REPUBLIKA.CO.ID, JAKARTA — Pelaksanaan pemilu serentak pusat dan daerah dinilai telah merugikan kualitas demokrasi Indonesia. Semestinya ada jeda minimal dua tahun antara pemilu serentak pusat dan daerah.
Hal ini disampaikan Democracy, Economic & Constitution Institute (Deconstitute) saat mengajukan pandangan sebagai Amicus Curiae kepada Mahkamah Konstitusi (MK), Rabu (28/5/2025). Hal ini terkait dengan perkara pengujian materiil Nomor 135/PUU-XXII/2024 terkait undang-undang pemilu dan undang-undang pilkada.
"Dari segi teoretis maupun data empiris, pemilu yang baru dilaksanakan ini justru merugikan kualitas demokrasi. Harusnya antara pemilu serentak pusat dengan pemilu serentak daerah itu ada jeda setidaknya 2 tahun. Jangan lagi dilaksanakan pada tahun yang sama" kata Direktur Eksekutif Deconstitute, Harimurti Adi Nugroho, dalam siaran persnya.

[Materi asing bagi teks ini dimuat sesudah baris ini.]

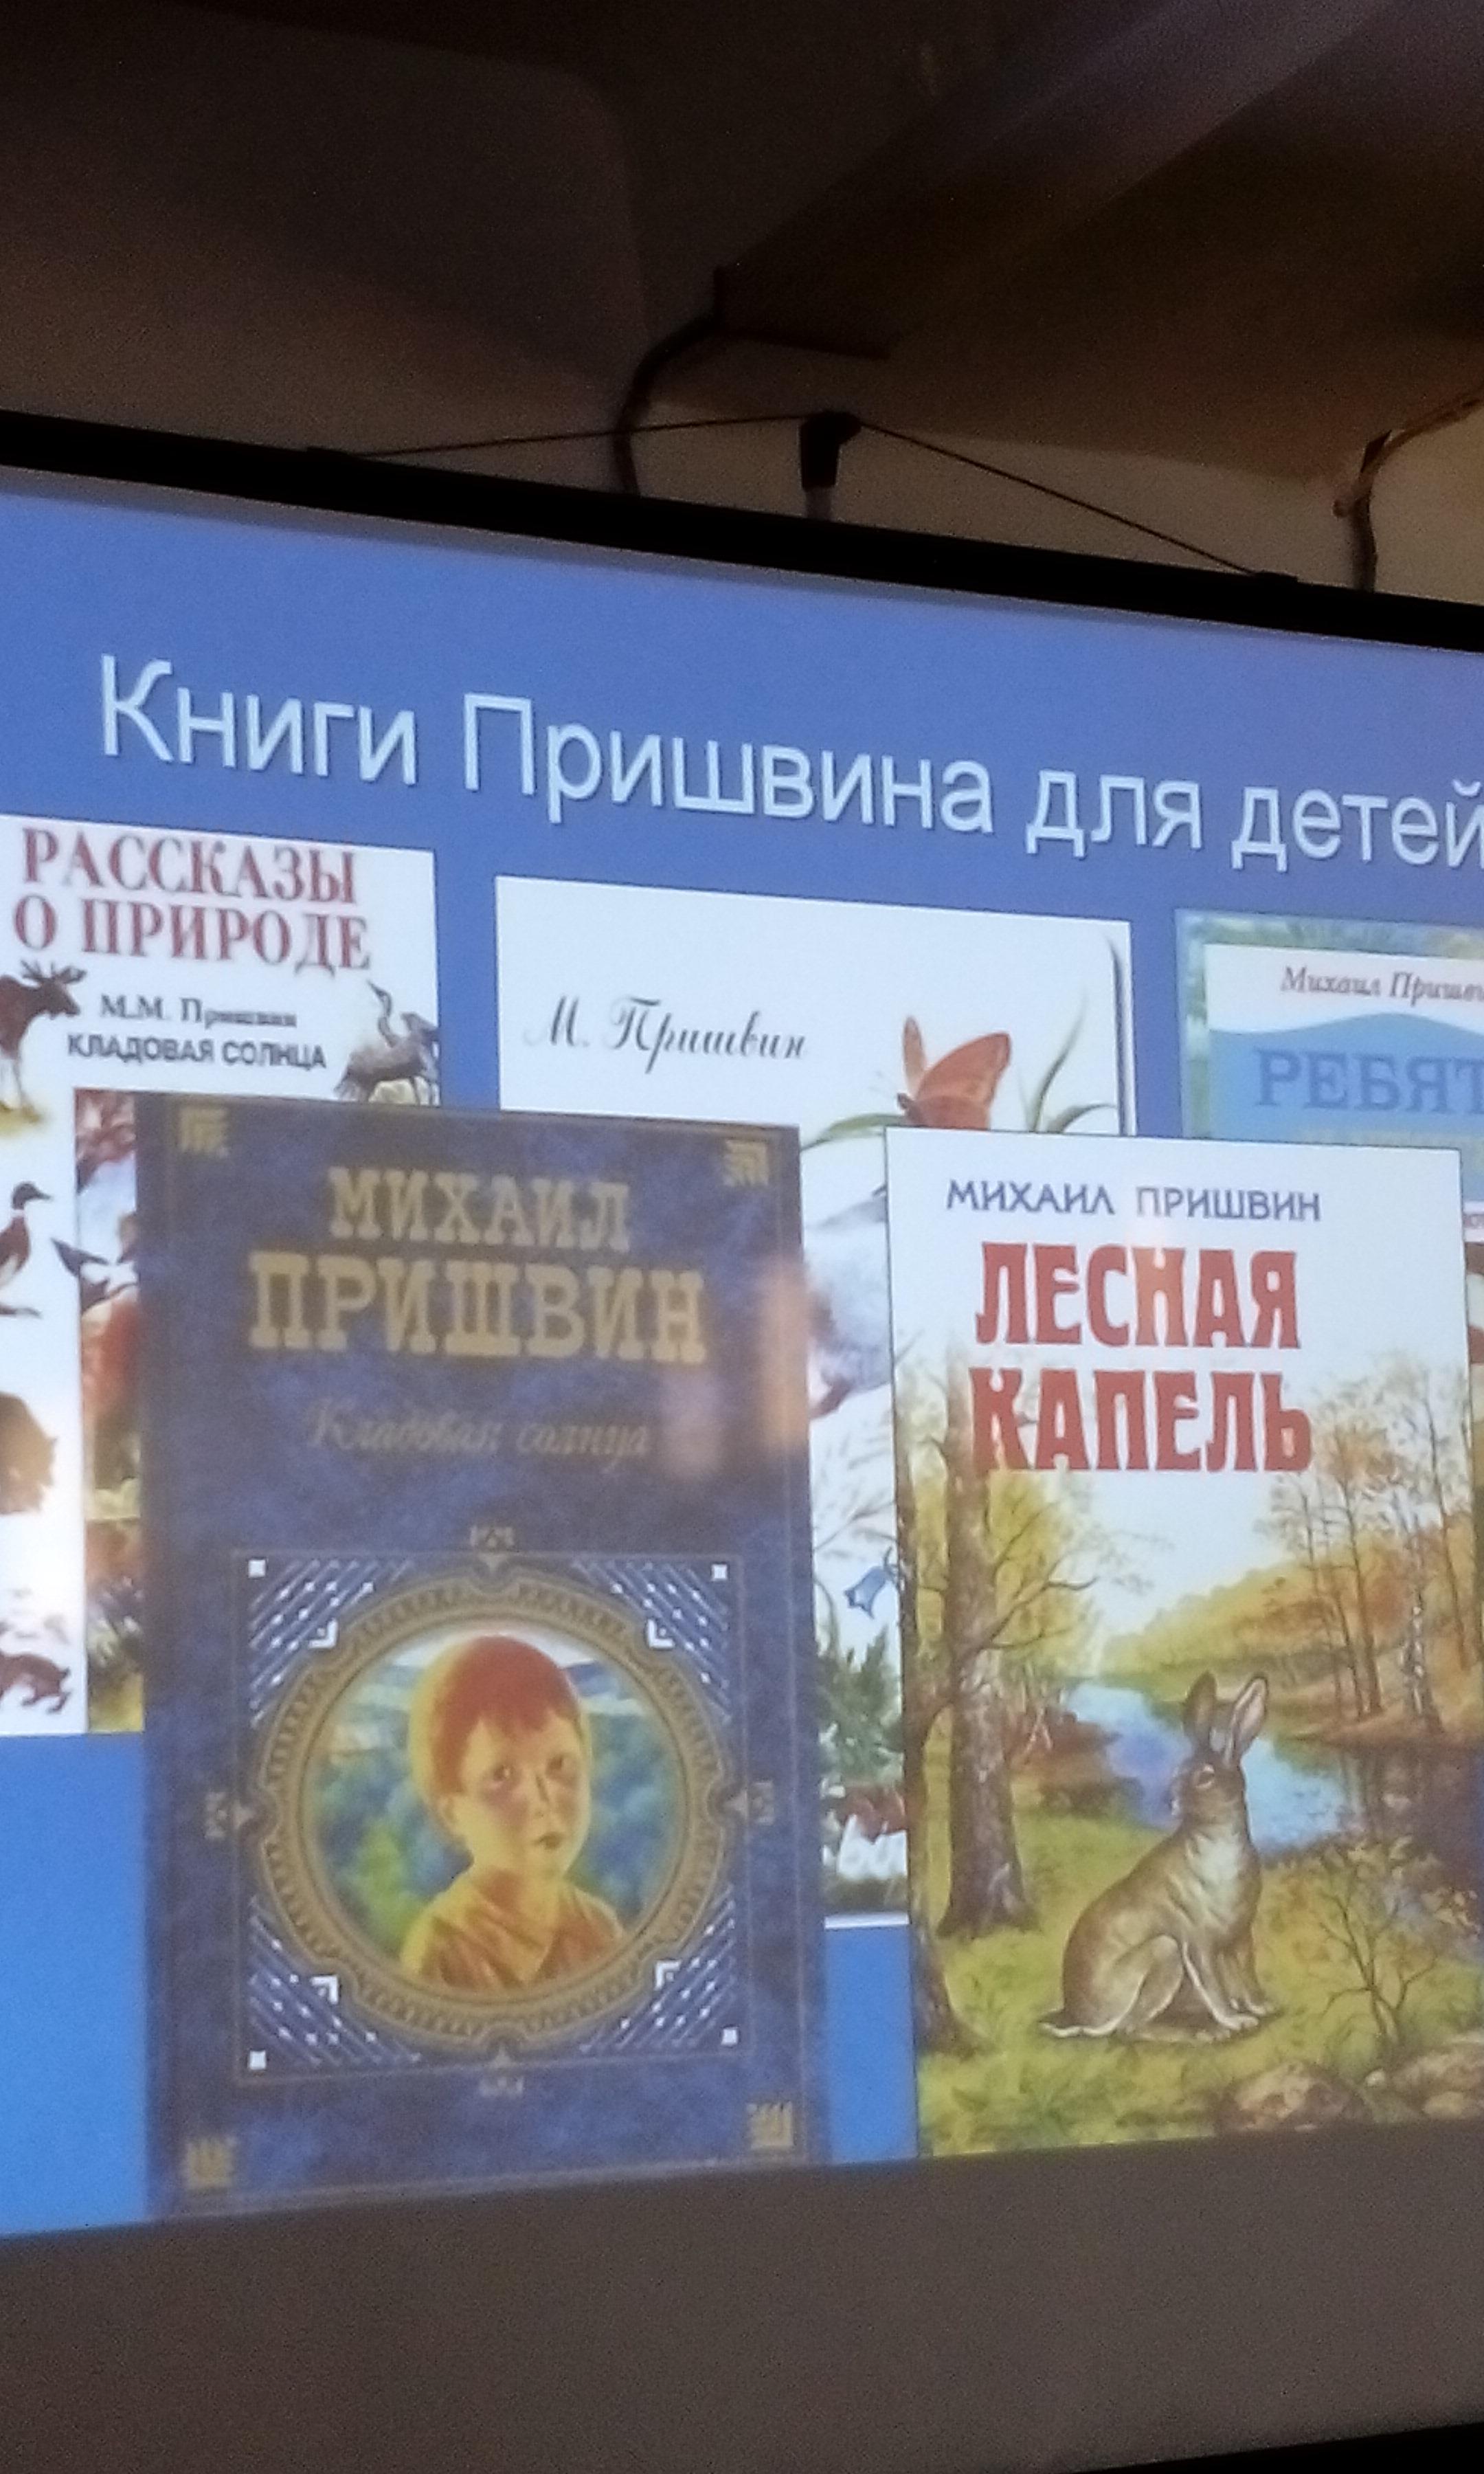 145 лет со дня рождения М.М. Пришвина. Библиотека №5 мкрн. Южный

Dalam Amicus Curiae tersebut, Deconstitute menyoroti pelaksanaan pemilu serentak dengan lima kotak suara (Presiden/Wakil Presiden, DPR, DPD, DPRD Provinsi, dan DPRD Kabupaten/Kota) yang diselenggarakan dengan pemilu serentak kepala daerah (Gubernur, dan Bupati/Walikota) dalam tahun yang sama, sebagaimana yang dilaksanakan pada 2024. Praktik ini menimbulkan fenomena voter fatigue (kelelahan pemilih) yang berdampak pada menurunnya tingkat partisipasi pemilih, proses pemilihan, dan kualitas hasil pemilu.
Pelaksanaan pemilu serentak dengan lima kotak suara dan pemilu serentak kepala daerah dalam tahun yang sama, kata Harimurti, membuat penyelenggara pemilu kurang memiliki waktu untuk melaksanakan tahapan-tahapan pemilu.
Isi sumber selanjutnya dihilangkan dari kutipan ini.